| WHAT IS REQUIRED |
Transcribe all data verbatim. Skip the pictures.

DATA section start

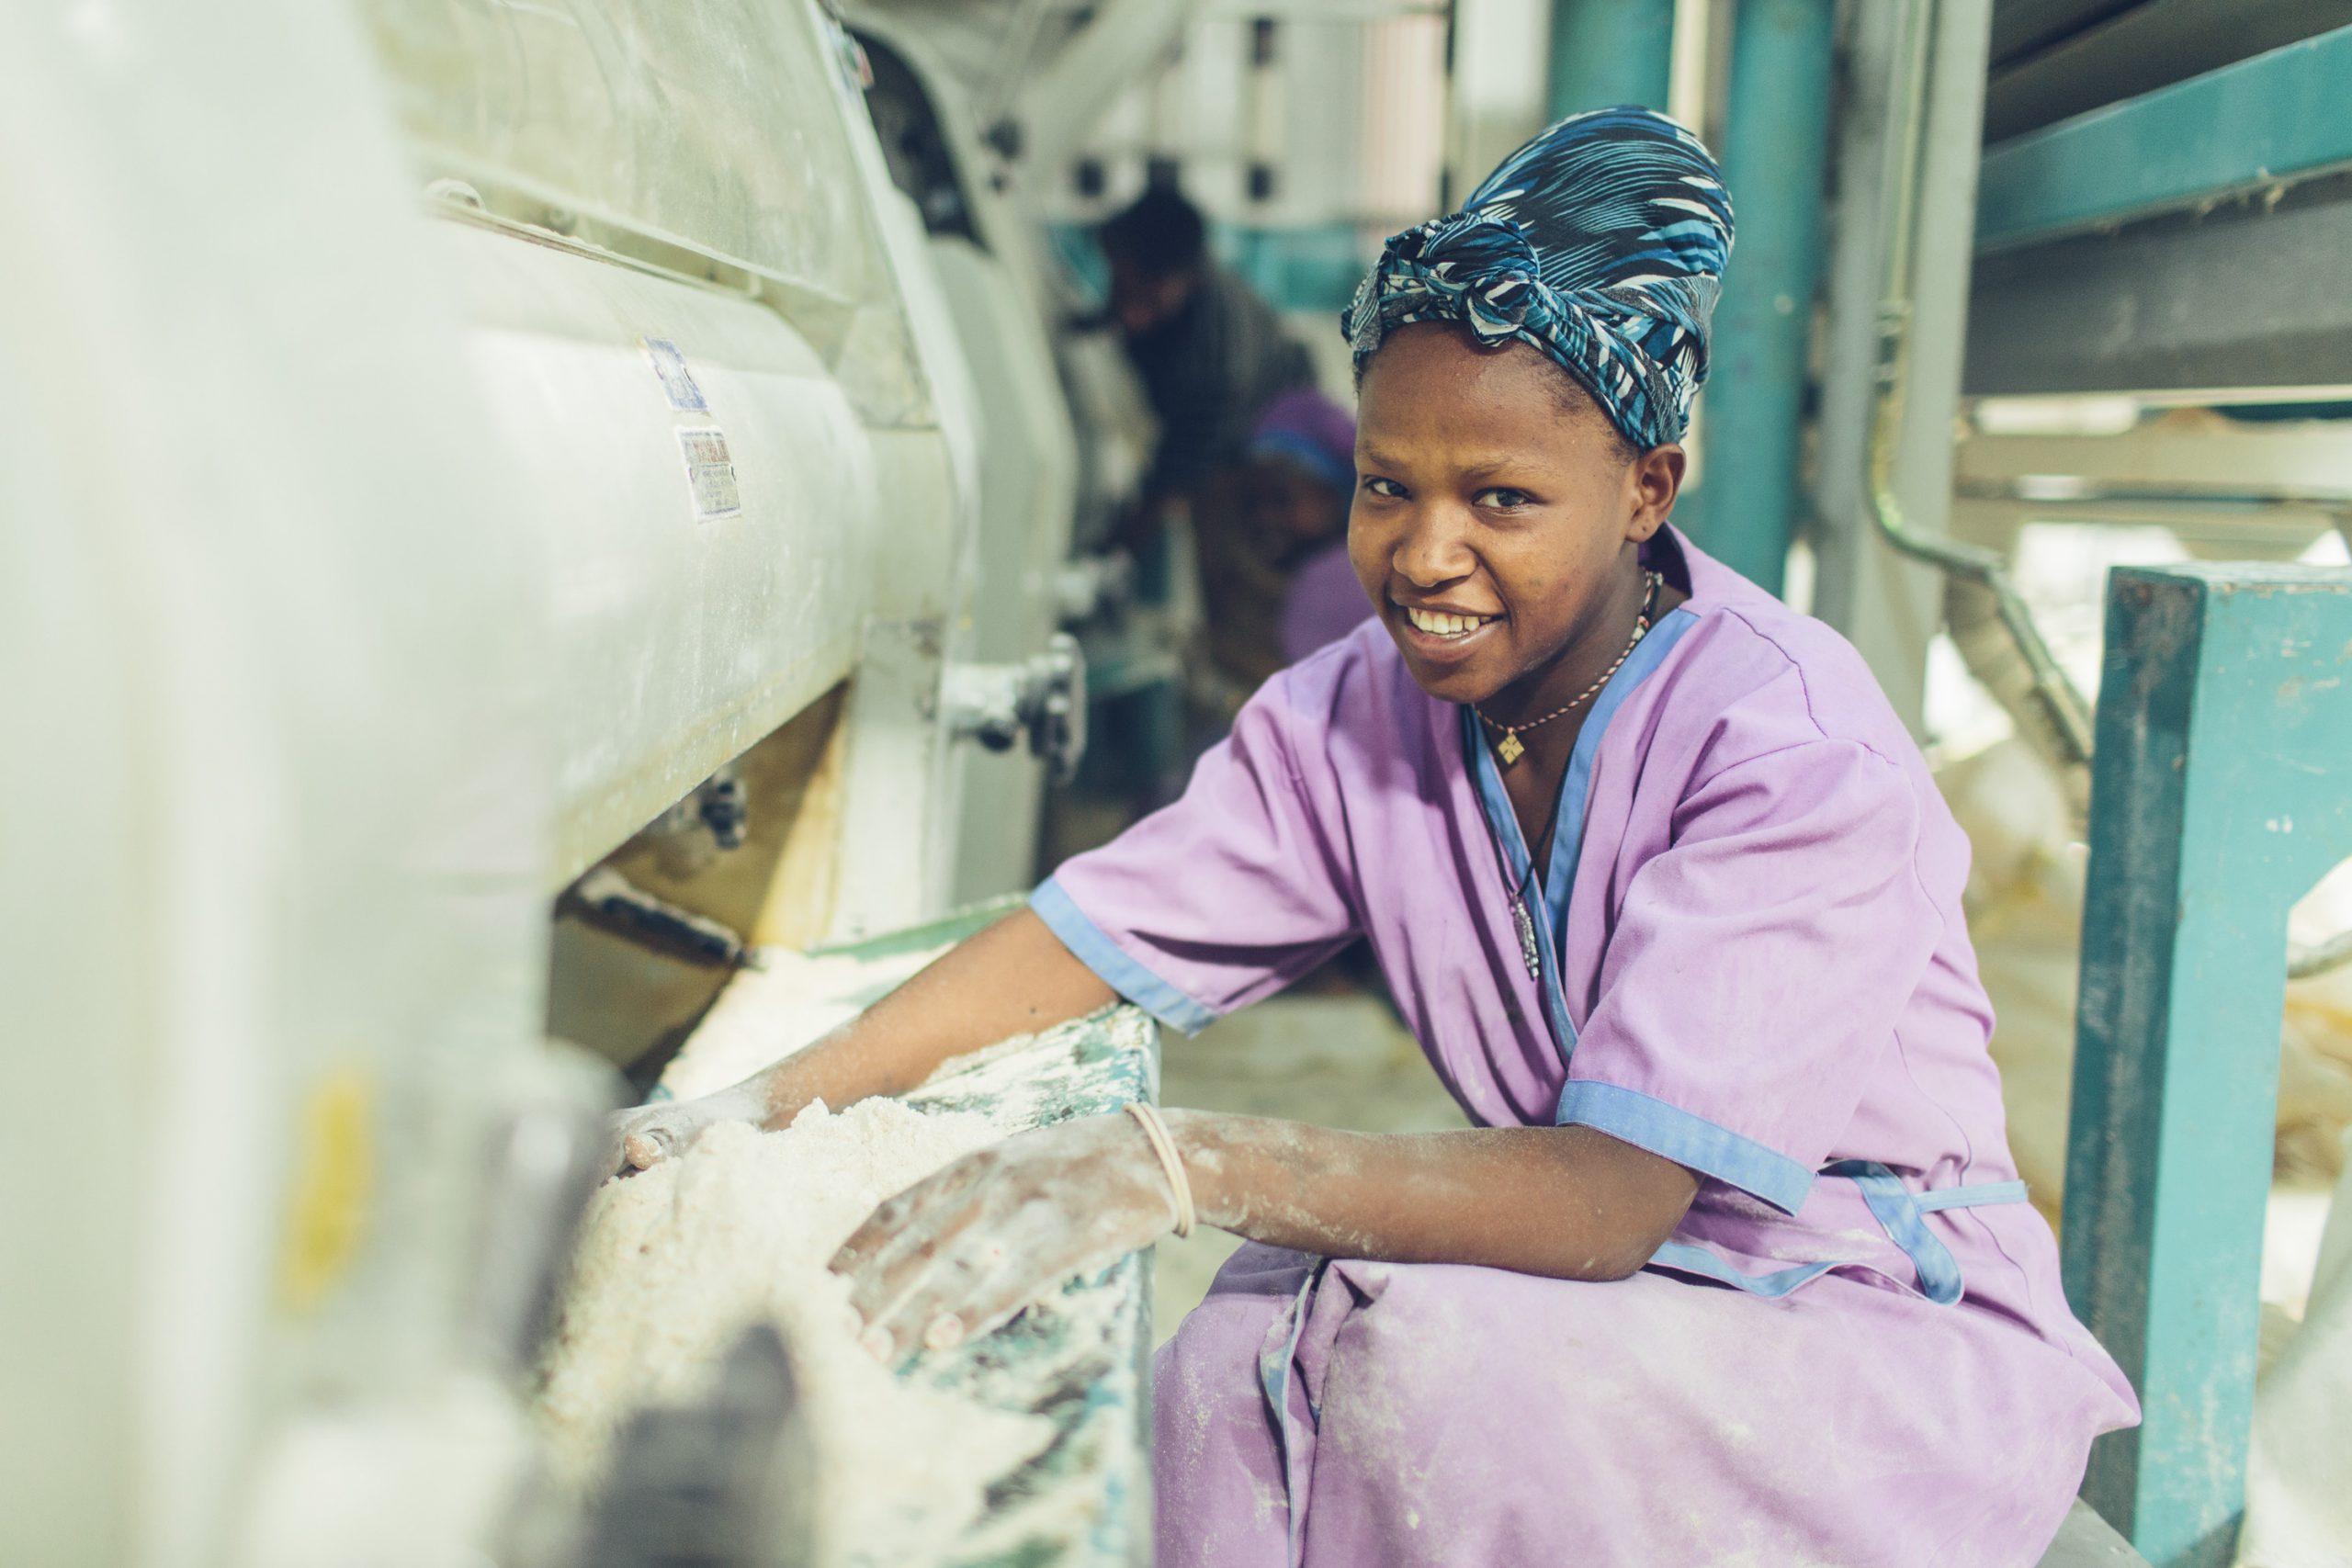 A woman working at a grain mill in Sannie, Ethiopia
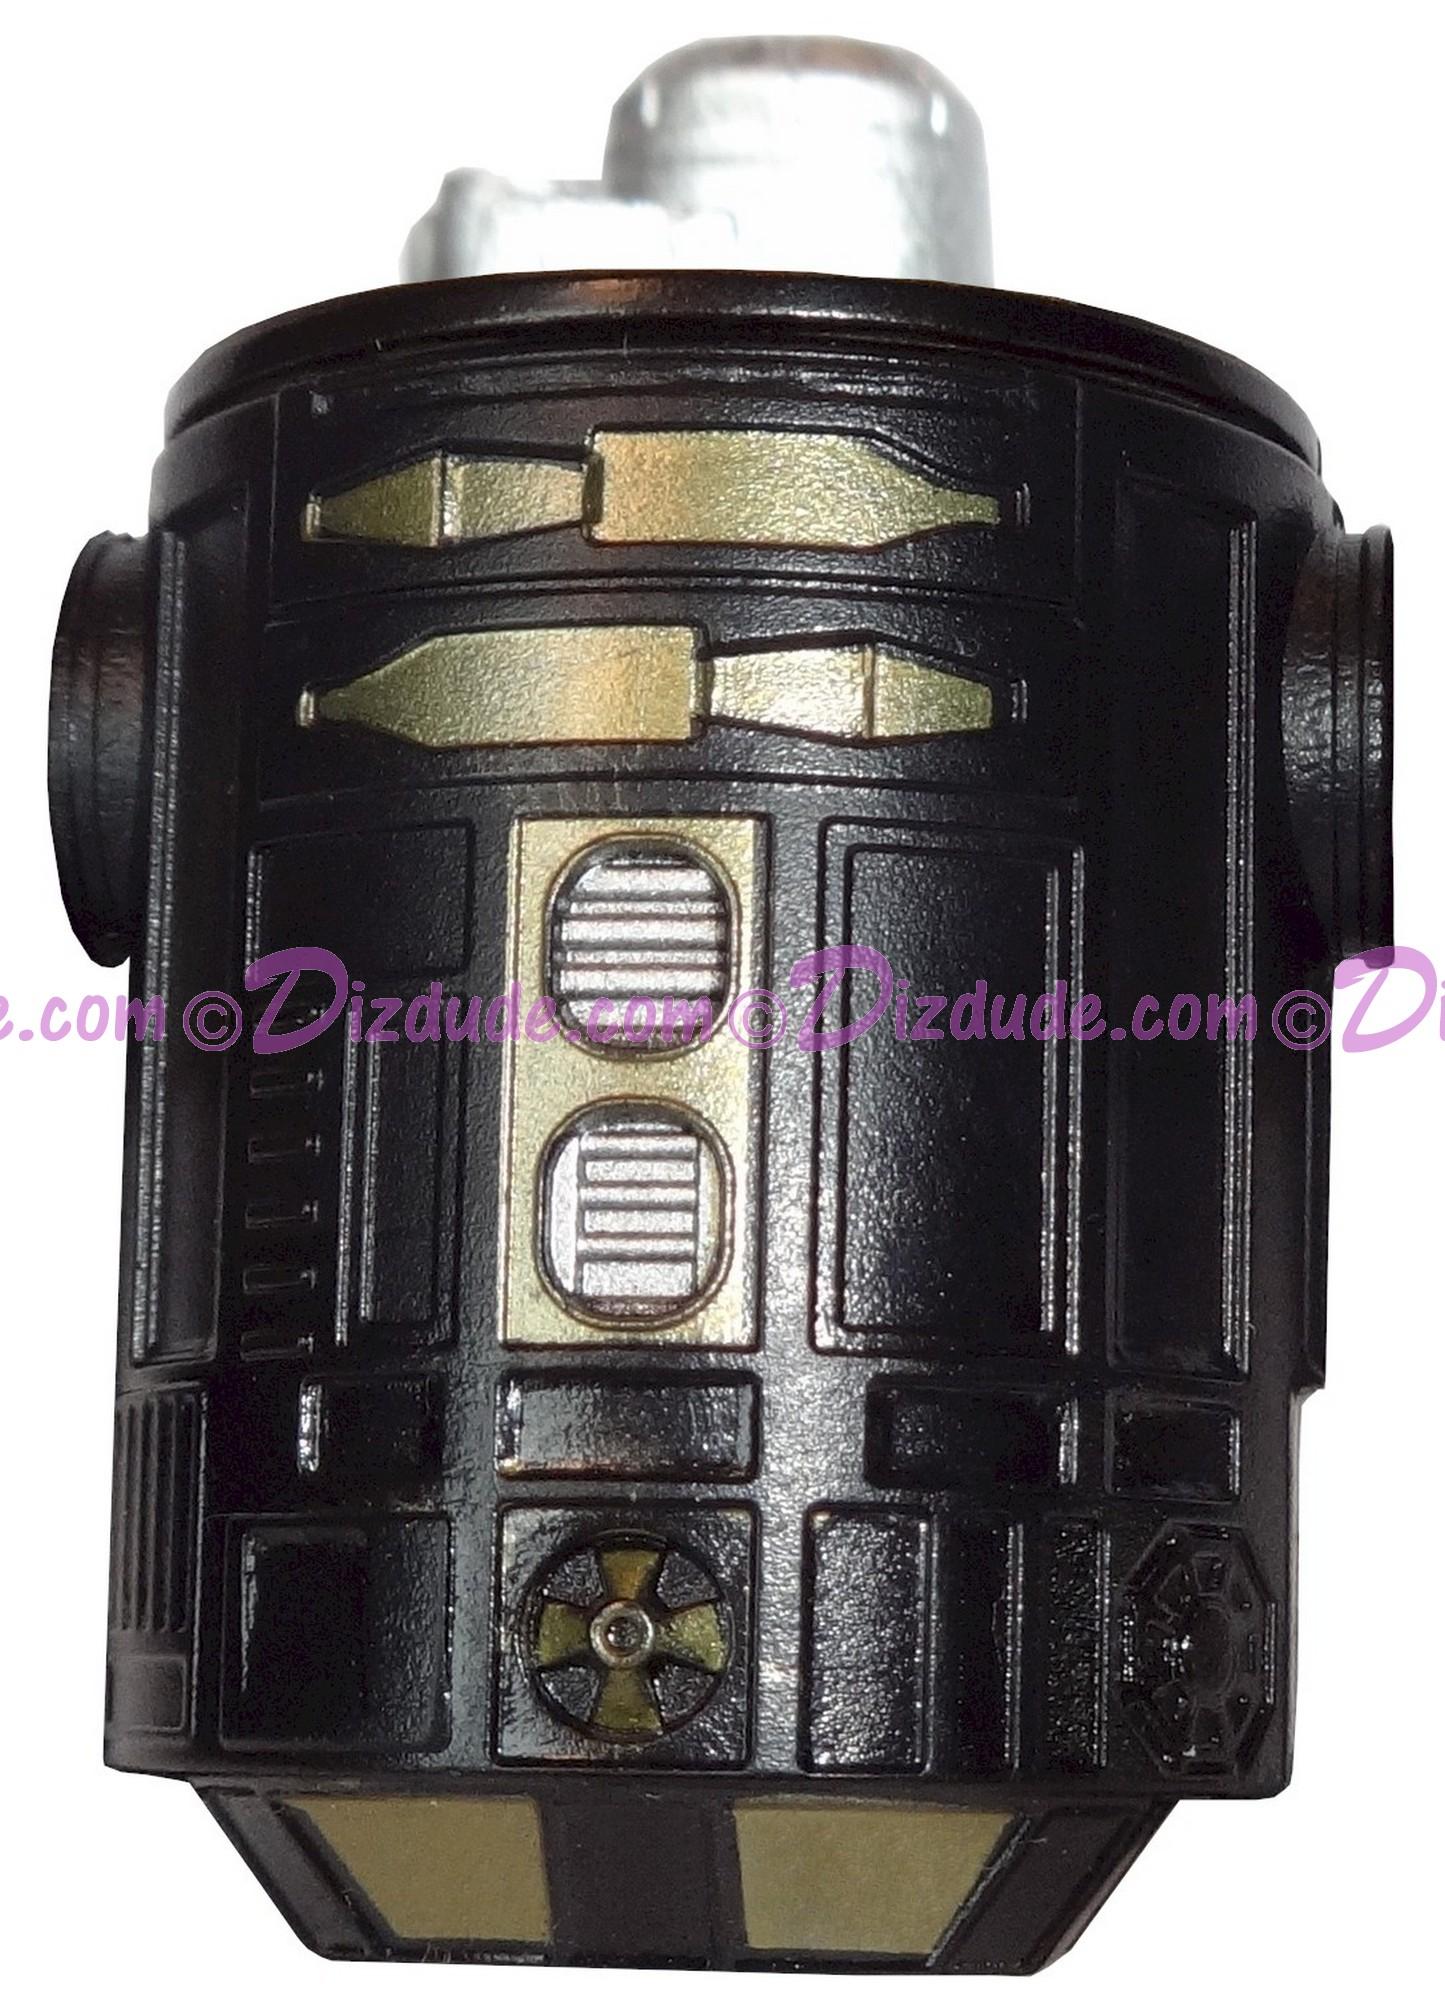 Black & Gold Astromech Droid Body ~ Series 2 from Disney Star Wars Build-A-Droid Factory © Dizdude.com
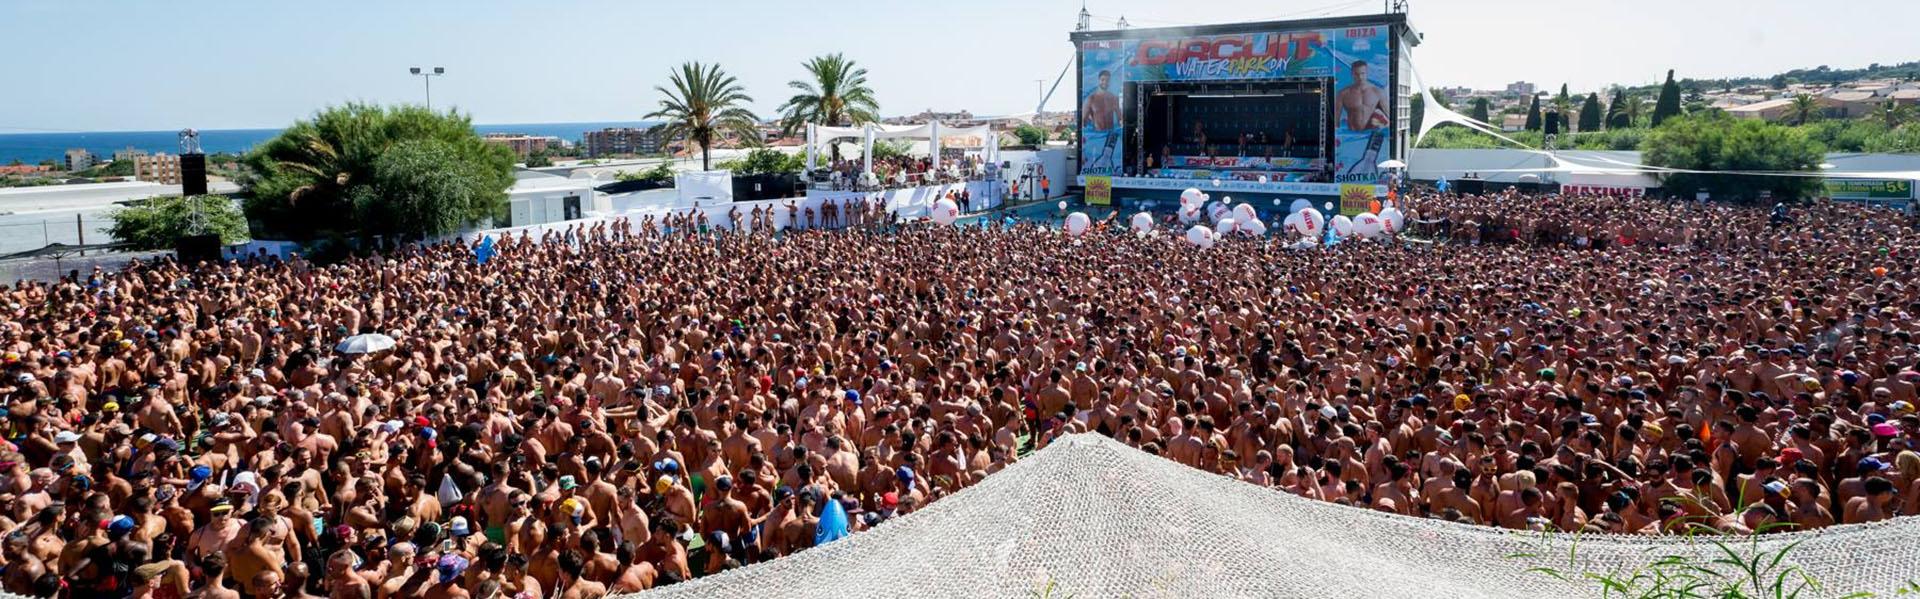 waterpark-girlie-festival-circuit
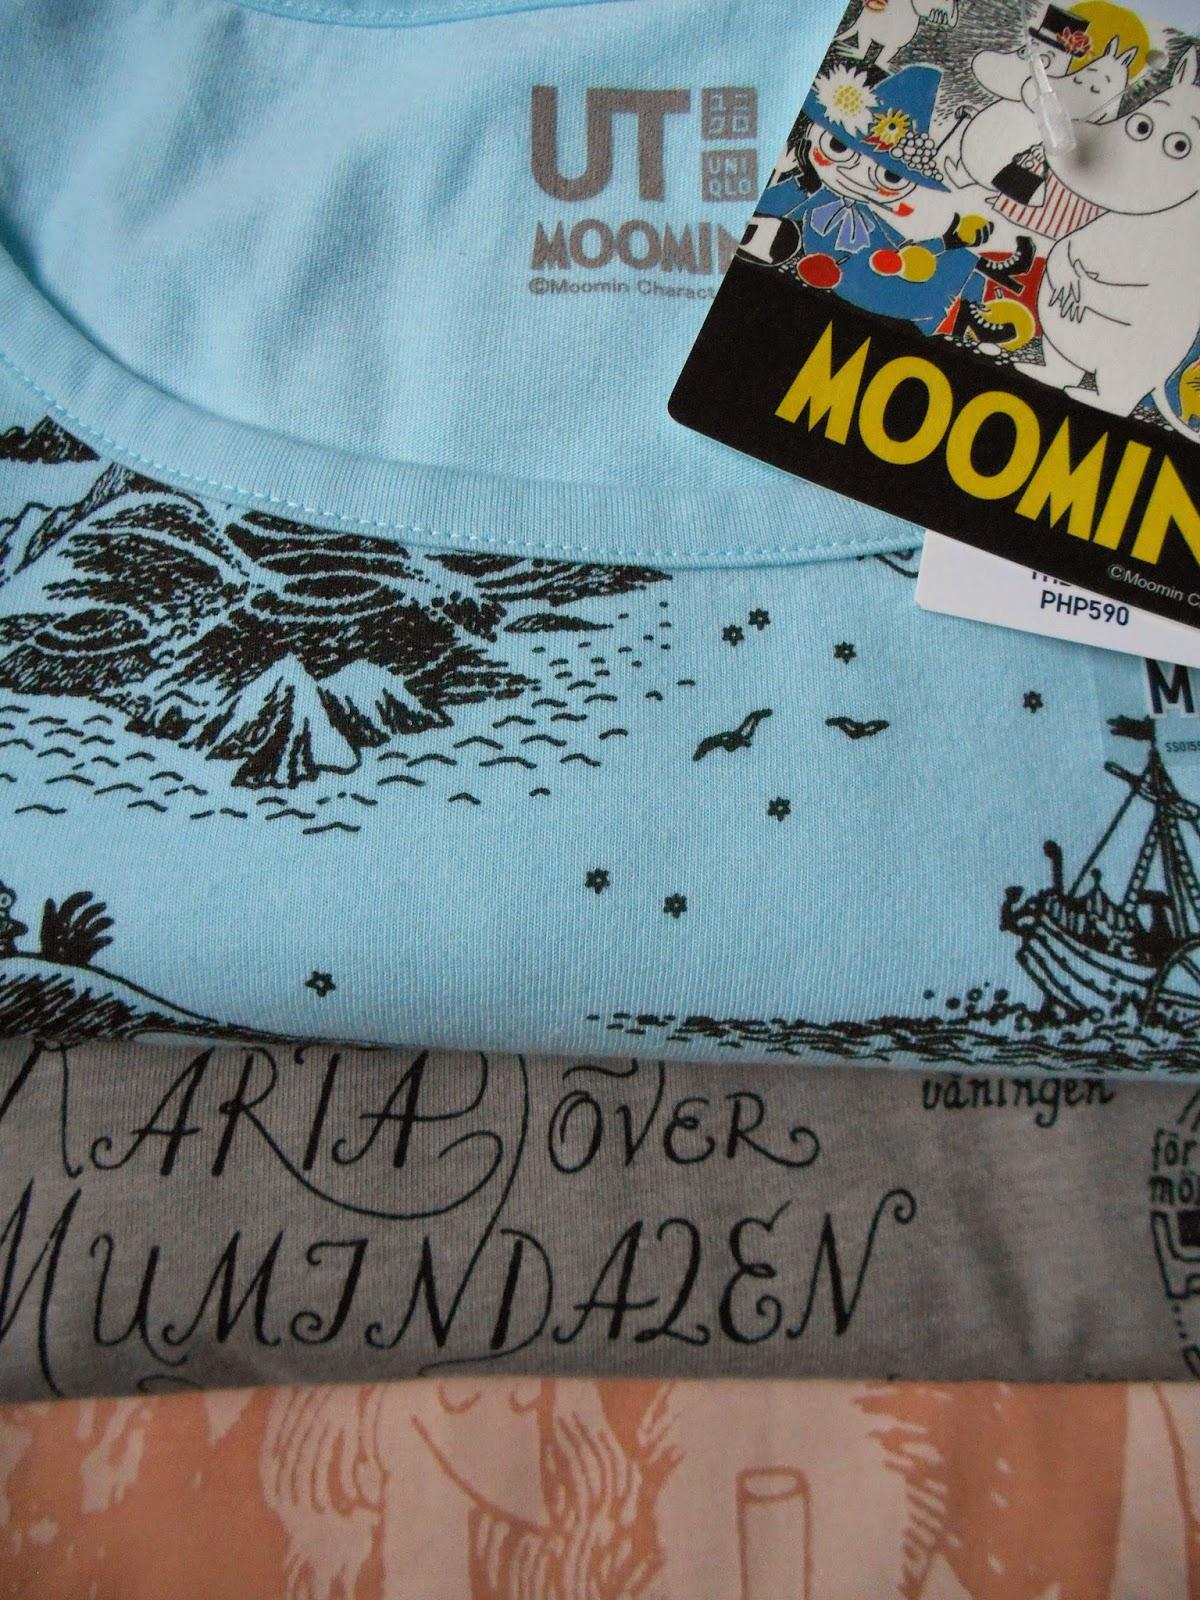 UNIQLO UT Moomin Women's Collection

DATA section end

| RESULT OF THE EXERCISE |
 A woman working at a grain mill in Sannie, Ethiopia
 Black & Gold Astromech Droid Body ~ Series 2 from Disney Star Wars Build-A-Droid Factory © Dizdude.com
 waterpark-girlie-festival-circuit
 UNIQLO UT Moomin Women's Collection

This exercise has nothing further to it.